Design of Priming Regions
Design of Priming Regions
Truncate an orthogonal set of 25-nt long oligonucleotides to 20-nt. To generate possible primers that have limited possibility of binding to one another, we again start with the set of orthogonal 25mers designed by the Elledge lab as described in Step 7. We reduce the length of these priming sequences to 20-nt to decrease the overall length of the final encoding probes.

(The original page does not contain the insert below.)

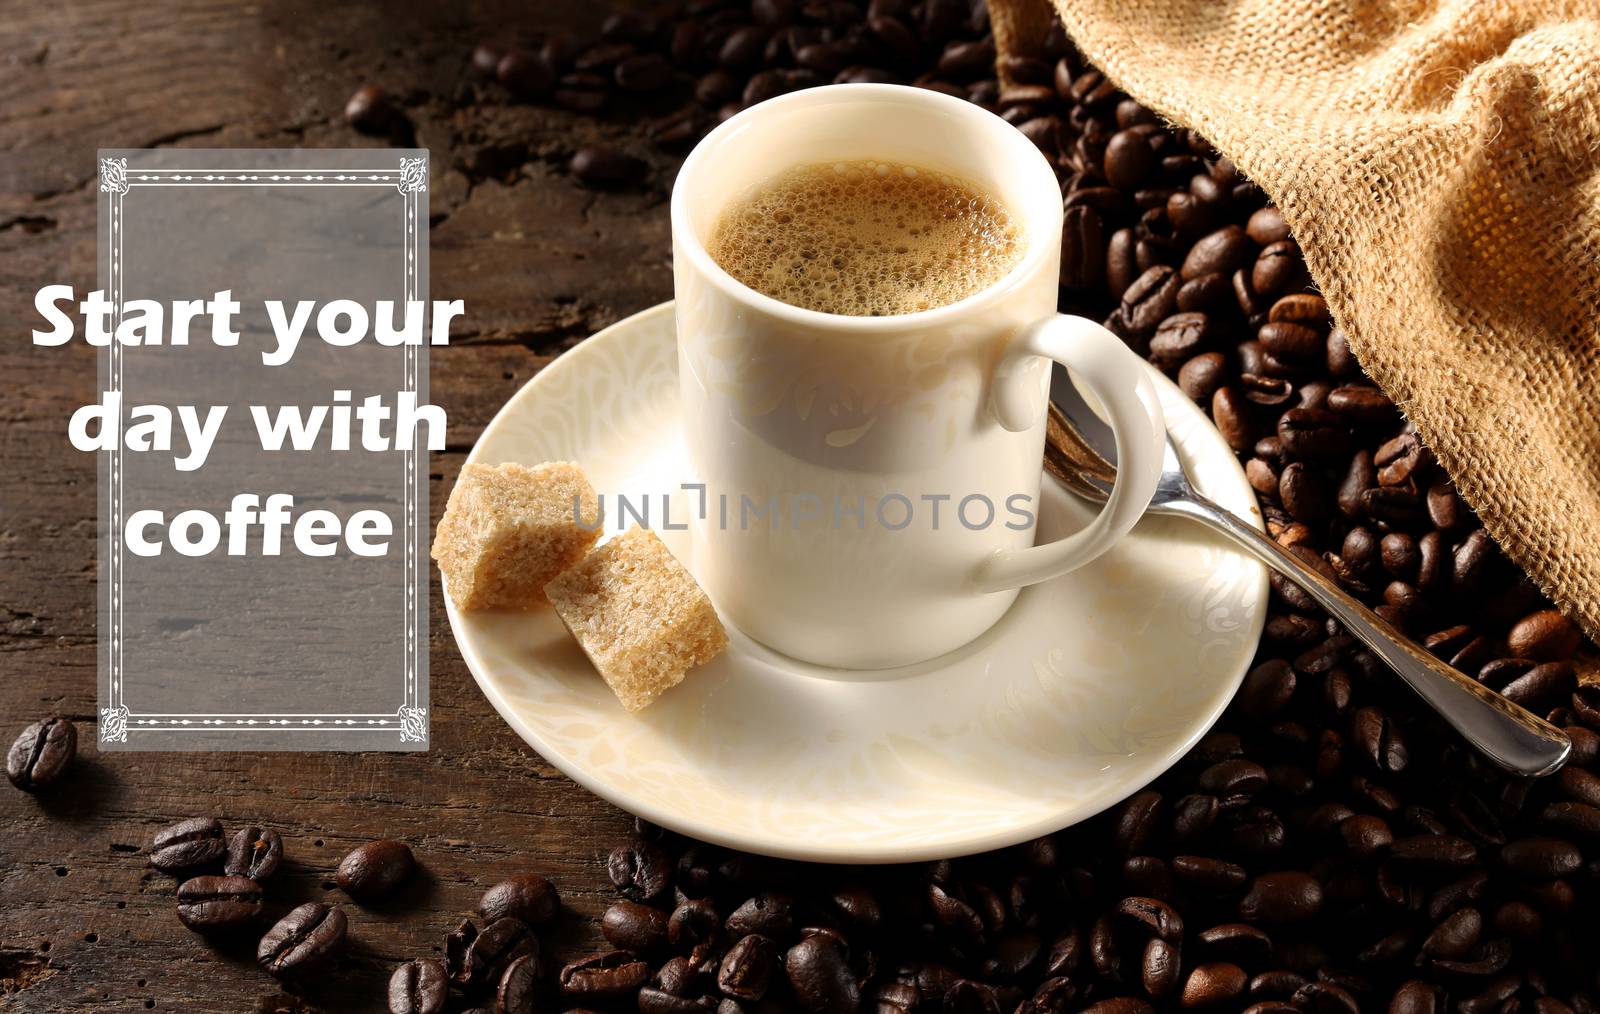 Inspiration life quote Start Your Day with Coffee, cup of coffee on old wood background with coffee beans on old wooden background. by NelliPolk

Screen oligonucleotides for ideal primer properties. We remove any potential primer with a TM outside of the range of 70°C to 80°C as well as any oligonucleotide with any consecutive repeat of 3 or more identical nucleotides, which can create problems in the synthesis of the oligo. We also remove any oligonucleotide that does not contain a G or C in the final 2 nucleotides at the 3' end. The presence of this so-called GC clamp helps improve the efficiency and specificity of PCR primers.
Screen the final set of possible primers for homology against the encoding probes. Finally, we use BLAST to identify stretches of homology within these primers and the encoding probes designed in Section 'Assembly and Screening of Encoding Probes'. Any potential primer with a homology region of 11 nt or more is excluded.
Add these primers to each encoding probe to form the template sequence for each oligonucleotide. The sequence of the primer that is added to the 3' end of the encoding probe should be the reverse complement of the sequence of the primer designed in Step 16. Table 2 contains an example of a template molecule for a single encoding probe.


Screen assembled template sequences for homology to abundant RNAs. While individual components of these template molecules have been screened for homology against the transcriptome, it is possible that concatenation of the different component sequences will produce regions of homology that will allow the probe to bind to other RNAs. We recommend using BLAST to screen the set of probes designed in Step 17 for homology to abundant RNA species like rRNA and tRNA. For the human transcriptome these sequences can be found within the ncRNA fasta file at the Ensemble website as described in Step 2. Similarly, highly abundant mRNAs can also be included in this screen if such abundance information exists. To identify regions of homology, generate a BLAST database for these sequences, and use BLAST to screen the potential encoding probes. We remove any encoding probe with homology regions longer than 14 nt.
(Optional). Combine multiple oligo sets to fill a single pool of oligonucleotides. We typically purchase these oligonucleotides as complex oligonucleotide pools generated by array-based synthesis often from CustomArray (http://www.customarrayinc.com/). This company sells two different sizes of complex oligonucleotide pools—a pool with 12,472 unique sequences or a pool with 92,918 unique sequences. There are situations in which one set of encoding probes for one experiment does not fill an entire pool. In this case it is possible to combine multiple sets of encoding probes intended for different experiments in the same oligopool simply by assigning each a unique set of primers. However, when primers are designed for such combined pools, we recommend performing Step 16 with a BLAST database comprising all encoding probes that will be present in the single oligonucleotide pool not just those in each set of encoding probes.